This wiki page provides some specific information related to converting scripts from Python 2 to Python 3.  There is a great deal of information available online (e.g., here and here) related to the differences between the versions and gives advice on how to convert.  This wiki is not meant to be a comprehensive source on the subject, but rather a starting place and source for information of particular interest to Abaqus scripting users.
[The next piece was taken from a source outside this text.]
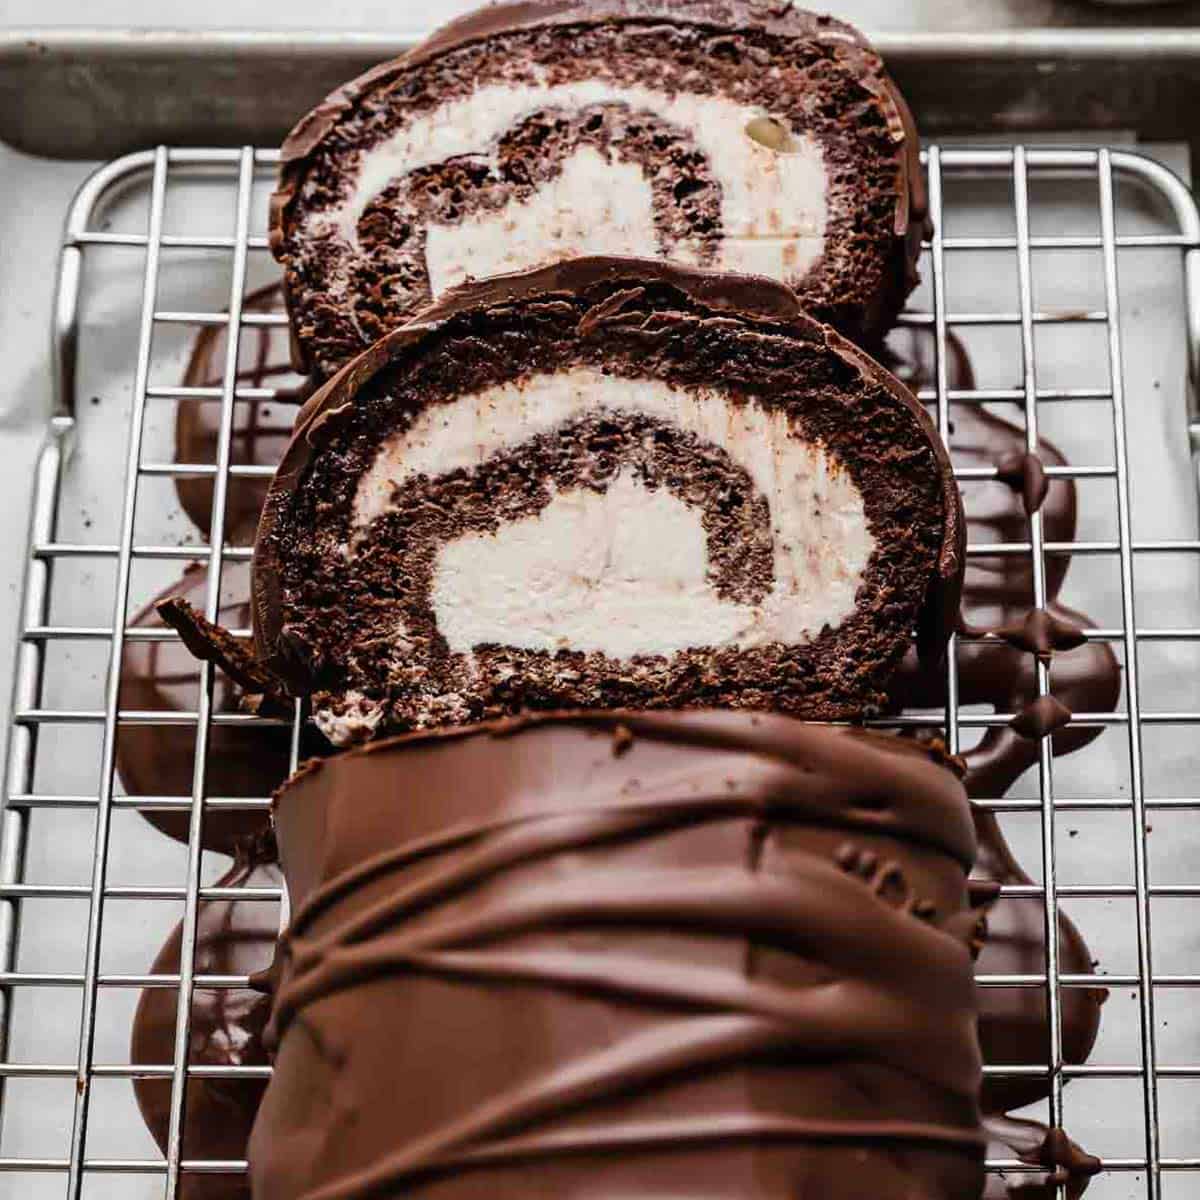 Chocolate Ice Cream Roll Cake Recipe

Back to the main Python 3 Update Wiki

Automatic Conversion Tool

Abaqus 2024 includes a tool for converting scripts from Python 2 to Python 3.  It is largely based on Python's native 2to3 conversion tool but adds a number of additional functionalities to facilitate creation of scripts that will be cross-compatible between versions.  The conversion tool can be invoked directly from the command line as follows:

 python -m abqPy2to3 

A few notes on this utility:

• If you provide a directory, it recursively traverses through that directory and subdirectories looking for *.py files
• The utility writes a log file and saves the original version of files it operates on.
• You can supply “-future False” if you're not worried about maintaining Python 2.7 forwards compatibility (this will leave out the "from __future__ import print_function" statement that enables Python 2.7 to run with certain Python 3 syntax)

This script can also be accessed as part of CAE’s script upgrade plugin utility. To use it more interactively with the ability to preview the changes, start CAE and go to Plug-Ins→Abaqus→Upgrade Scripts… It is run if you upgrade scripts to 2024.

In general, the new syntax that Python 3 introduces was also added to Python 2.  For instance, the functionalization of the print command was also supported in Python 2 versions - Python 2.7 supports both the print statement and the built-in print() function.  In this way, it's often possible to write code that runs in both versions.  However, in general it may be a better practice to maintain separate codes for Python 2 and Python 3.  This is the recommendation at the end of Guido van Rossum's article on Python 3.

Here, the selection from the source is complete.